If you read this far you already did the most important thing — checked the facts instead of the fears. Concrete next steps:

  1. Review language milestones for your child's age — counting both languages together.
  2. If everything looks fine, start with a 5-minute morning English ritual. See my 7 daily English rituals at home.
  3. Add 1–2 English songs a day — age-based list here: 25 best English songs for kids.
  4. Still unsure? Start with my free first lesson — I'll show you how to do English without a tutor.

And remember: the only thing that actually delays your child's language is a parent who's too afraid to teach. Two languages are a lifelong gift.

Questions readers ask

Does bilingualism delay a child's speech?

No. A 2023 Frontiers in Psychology meta-analysis pooling 78 studies found the average age of first words is 11.2 months in bilinguals vs 11.0 months in monolinguals — less than 1% difference, statistically not significant. ASHA officially confirms bilingualism is not a risk factor for speech delay.

What age should I start a second language?

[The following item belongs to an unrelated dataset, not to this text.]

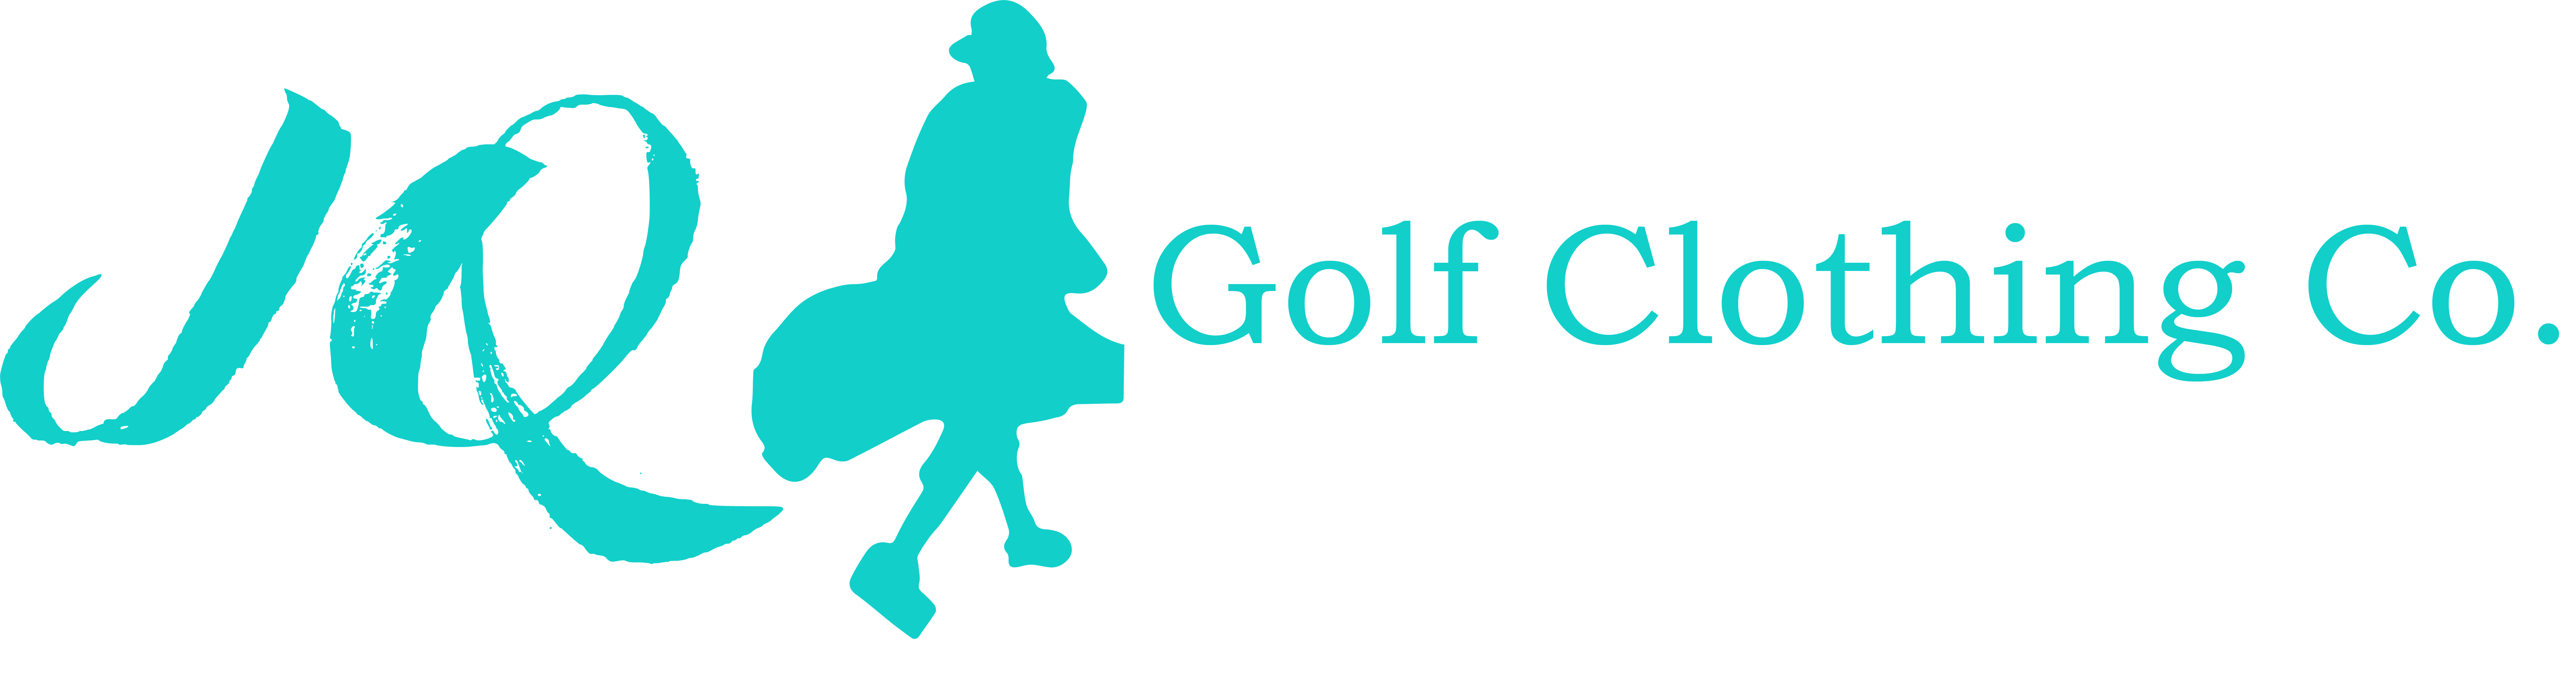 JQ Golf Clothing Co.

The earlier the better. Before 9 months a baby's brain can distinguish phonemes of every human language. After 9 months that window narrows rapidly. Many specialists recommend starting from birth. Our Mommy & Me English course starts at 1 year, but mothers successfully introduce songs and morning rituals from 6–8 months.

My toddler says 'Give me воду' — is this normal?

Absolutely normal. It's called code-mixing — the child retrieves whichever word surfaces first in active memory. It's not confusion; it's a sign the brain has set up two separate language systems and accesses them flexibly. Code-mixing fades by 4–5 in formal contexts.

How many hours of English a day for my child to learn?

Not hours — minutes. 10–15 minutes of quality, interactive exposure is enough: morning ritual, one song, a bedtime story. Pearson (2008) showed even 15–20% exposure builds active bilingual competence. Consistency beats duration.

My English isn't perfect. Will my child copy my accent and mistakes?

No, provided you supply parallel native-speaker input: songs, cartoons, audiobooks. McGill research (Genesee, 2014) showed children don't inherit imperfect parental pronunciation when multiple language sources are present. Your simple 'Good morning, sunshine!' plus Super Simple Songs gives the correct phonetic template.

Grandma says don't confuse the child with English. What do I say?

Tell her: 'ASHA's 2023 study showed bilinguals don't speak later. What looks like "confusion" is code-mixing — a natural developmental phase that disappears by age 5.' If that's not convincing, share the 2024 Cornell University findings on bilingual cognitive advantages.

How do I tell if my child has a real speech delay?

Red flags regardless of how many languages: at 12 months no response to their name; at 18 months no single word in any language; at 24 months fewer than 50 total words across both languages; at 30 months no two-word phrases. Regression at any age is also concerning. Even one flag = consult a speech therapist and pediatrician.

My child has autism. Should I drop English?

No. Canadian research by Paradis (2010, 2022) and ASHA's 2023 clinical guidance state clearly: removing one language from a child with DLD or autism does not help — it removes a resource for communicating with family. Children with developmental differences gain the same therapeutic benefits from bilingualism as neurotypical peers.